- Offizieller Beitrag
Nur die schwindende Helligkeit verriet, dass der Tag sich dem Ende neigte. Wie so oft drang kein Sonnenstrahl durch die dichte Wolkendecke die das verwüstete Land seit er denken konnte bedeckte. Ihm war es nur recht. Seine fahle Haut vertrug keine Sonne und seine Augen waren für Dunkelheit und Zwielicht geschaffen.
Entspannt hockte er auf dem Dach des Kirchturms und spähte in die Ferne. Seit mehreren Tagen hungerte er. Seit Tagen hatte sich keine Beute in sein Revier gewagt, obwohl die eingefallenen Wohnhäuser in der Nähe immer wieder Leute anlockte, die versuchten, noch etwas brauchbares in den Überresten zu finden. Am Horizont zeichneten sich die stählernen Gerippe von ausgebrannten Wolkenkratzern ab. Immer wieder fragte er sich, wie die Menschen dort wohl einst gelebt haben mochten. Er ließ den Blick über den Vorort schweifen. Etwa einhundert Meter von ihm entfernt war immer noch das Wrack des Transportflugzeugs zu erkennen, in dessen Bauch er vor einiger Zeit noch ein Gefangener gewesen war.
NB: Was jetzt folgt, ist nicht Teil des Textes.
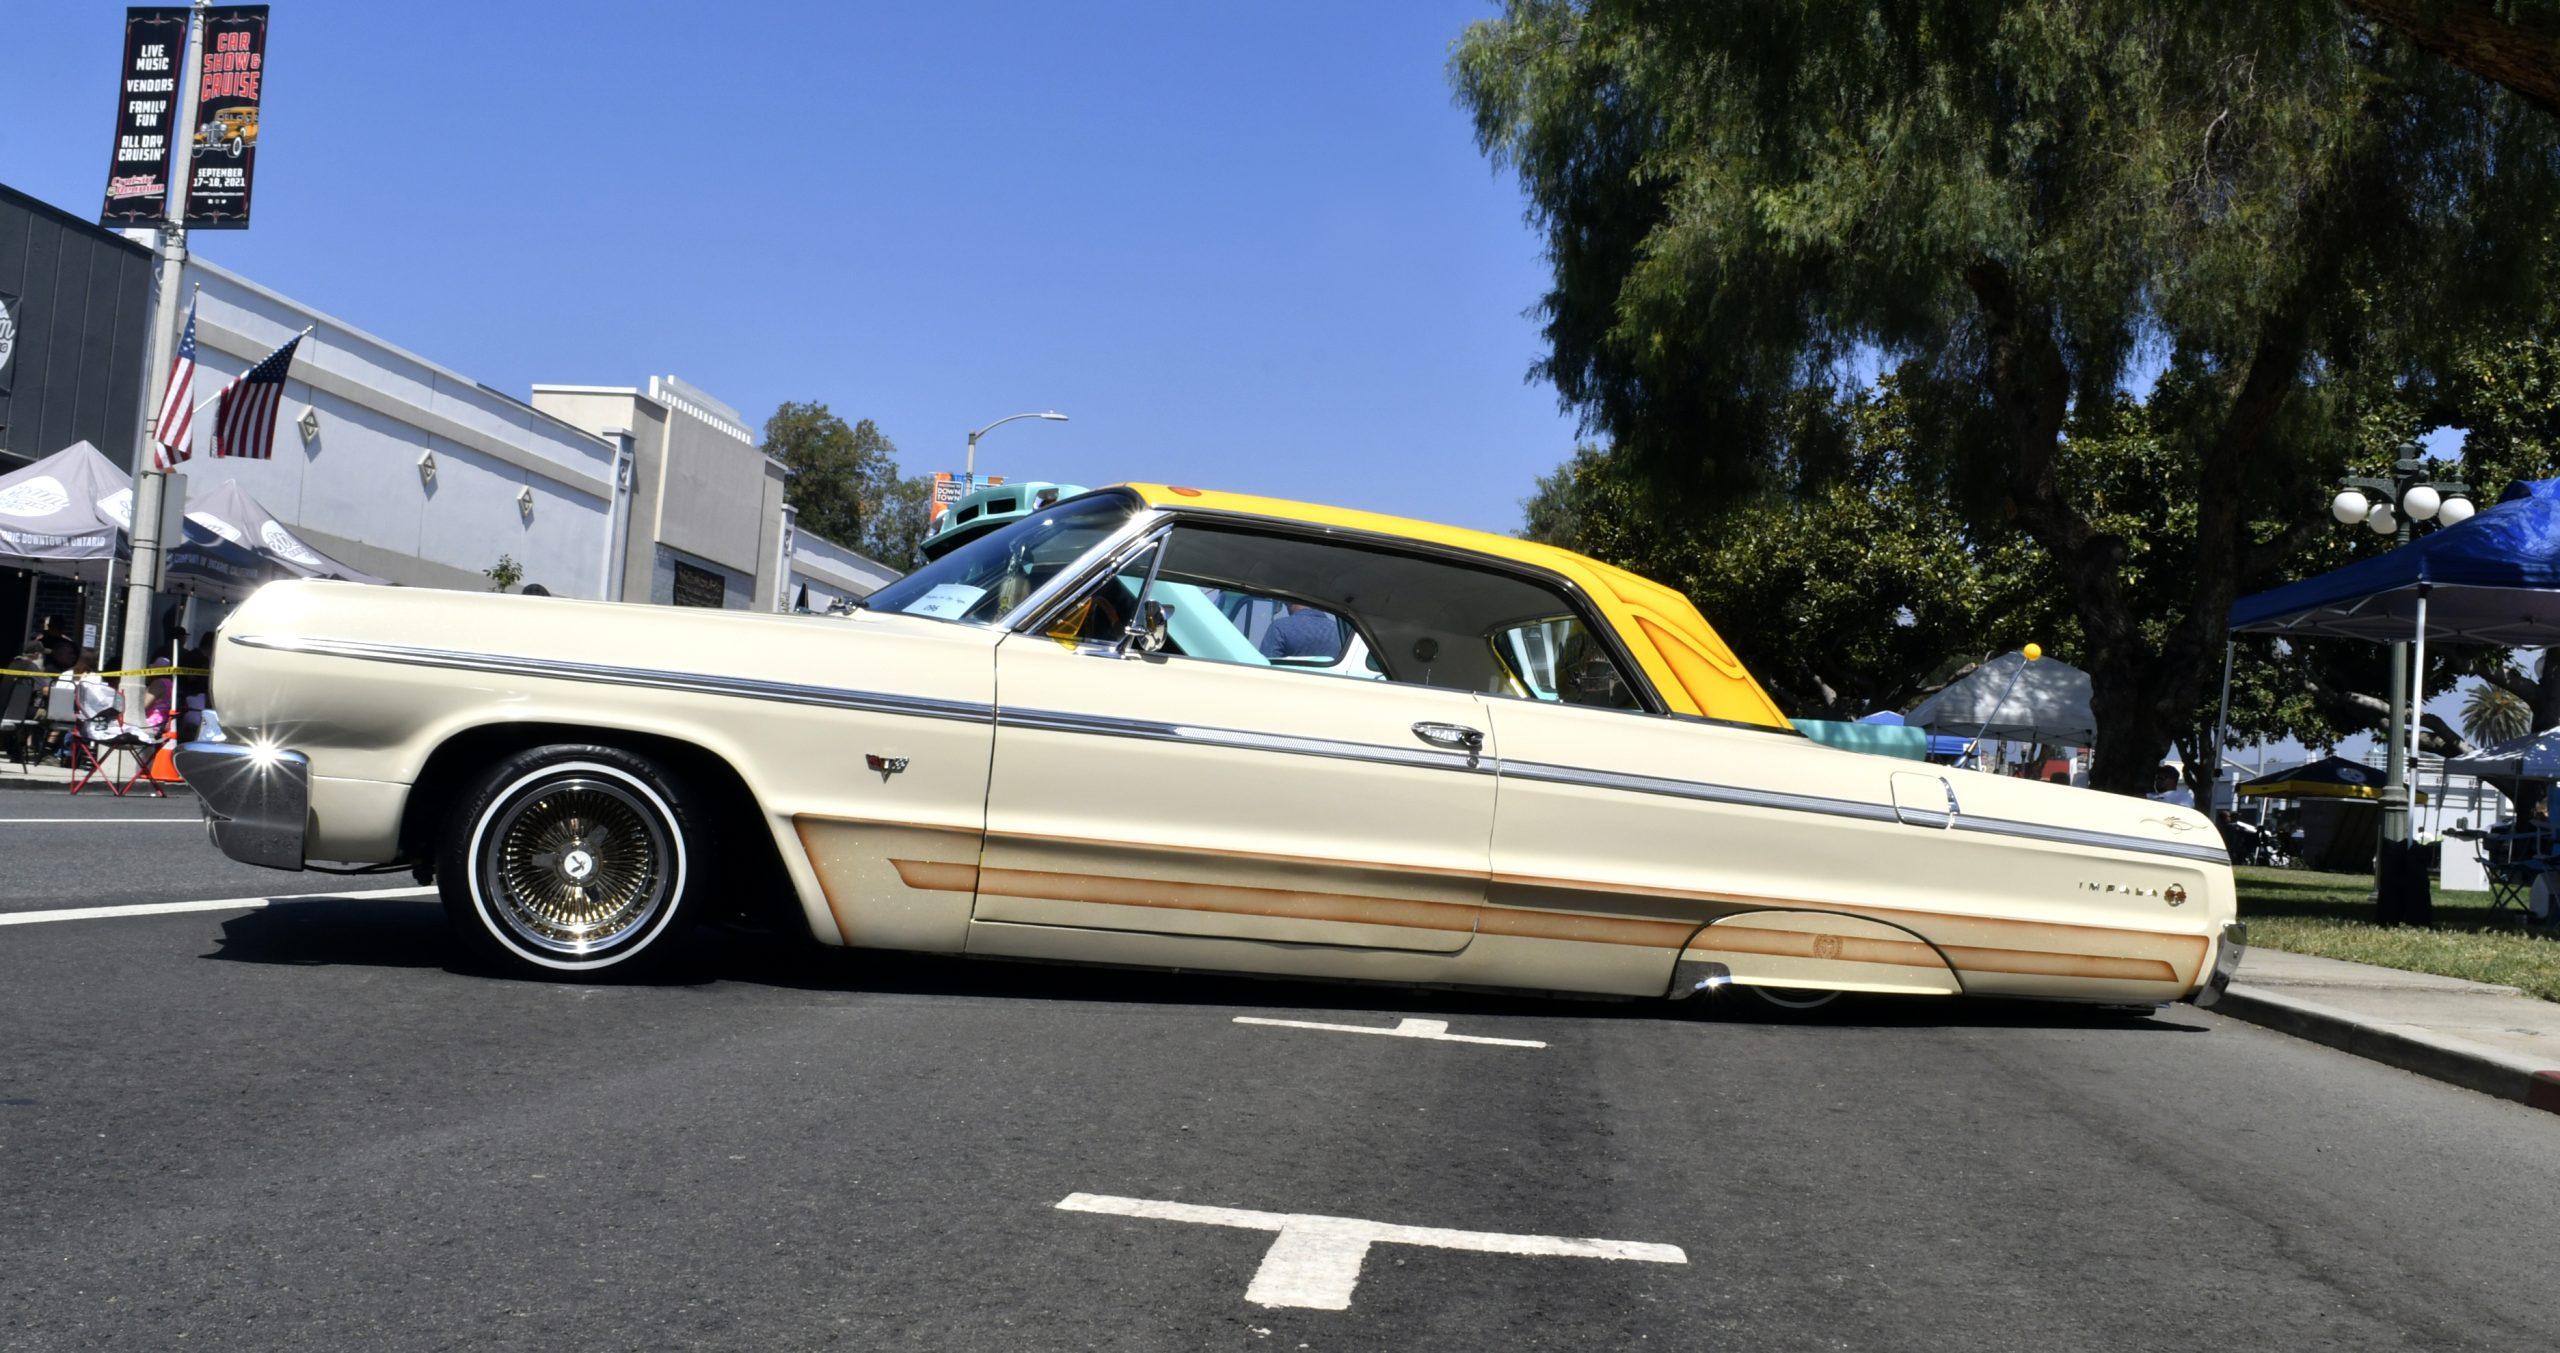 Route 66 Reunion impala low rider
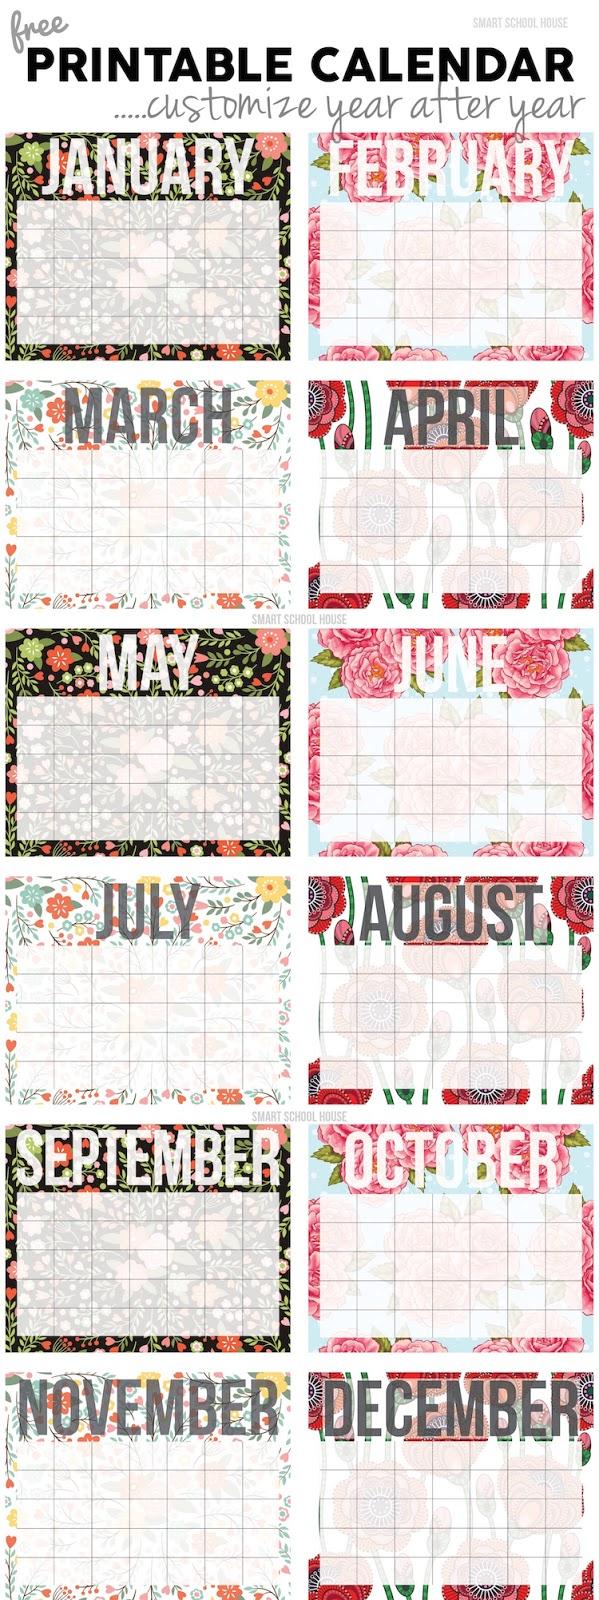 http://www.smartschoolhouse.com/diy-crafts/free-calendar#_a5y_p=3136600

Doch er hatte es geschafft, sich von seinen Fesseln und aus der Kiste zu befreien und sich endlich zur Wehr zu setzen. Nun war er frei und die Männer, die ihn transportieren sollten, hatten ihm geholfen am Leben zu bleiben.
Plötzlich erfasste er eine Bewegung in seinem Augenwinkel. Ruckartig drehte er den Kopf und fixierte die Schemen in der Ferne. Deutlich erkannte er zwei Menschen, die durch die Ruinen streunten und etwas zu suchen schienen.
Ein leises Knurren entkam seiner hungrigen Kehle, während die beiden ein Einfamilienhaus betraten. Bald würden sie die Kirche und seine ausgelegten Köder entdecken. Leute trugen eine Menge Kram mit sich herum, für den er keine Verwendung hatte. Die Menschen jedoch freuten sich und ließen oft jedwede Vorsicht außer acht, wenn sie die Rucksäcke und Waffen entdeckten.
Kurz darauf erkannte er den Lichtkegel einer Taschenlampe, der sich aus der Tür des Einfamilienhauses bewegte. Unwillkürlich kniff er die Augen zusammen. Aus dieser Entfernung blendete das Licht ihn zwar nicht, doch er hatte sich daran gewöhnt, grelles Licht zu meiden. Die Besucher näherten sich der alten Kirche. Selbst für ihn war der Sprung von der Spitze des Turms zu hoch, weshalb er behände hinunterkletterte und auf der Mauer des Hauptgebäudes Position bezog. Das Dach des einstigen Religionsstätte war längst zerstört, sodass er von außen einen guten Blick auf das Innere seines Zuhauses hatte. Wie ein Gargoyle hockte er auf dem Stein und wartete geduldig, bis die beiden Männer die Kirche betraten. Der Hunger schrie ihn an, endlich anzugreifen, doch er zwang sich zu warten.
„Was soll das denn?“, fragte einer der beiden Besucher. Sein blondes Haar war zu einem langen Pferdeschwanz gebunden und sein schlaffer Rucksack verriet, dass er noch nicht viel brauchbares gefunden hatte.
Der andere hatte kurzes, dunkles Haar und verbarg sein Gesicht hinter einem Tuch, das er sich bis über die Nase gezogen hatte. Schulterzuckend musterte er den Köder.
„Sieht aus, als hätte jemand seinen Kram hier liegenlassen“, meinte er.
„Warum sollte dieser jemand so etwas tun?“
„Woher soll ich denn das wissen?“, maulte der Vermummte. „Aber jetzt gehört es uns!“
Lachend begannen die beiden, die dargelegten Waffen, Kleidungsstücke und Rucksäcke in ihre eigenen zu stopfen.
Ihr Beobachter wartete noch einen Moment, um sicherzugehen, dass seine Besucher abgelenkt waren. Lautlos richtete er sich auf und balancierte gekonnt über die bröckelige Mauer. Als er nahe genug war, machte er sich bereit zum Sprung.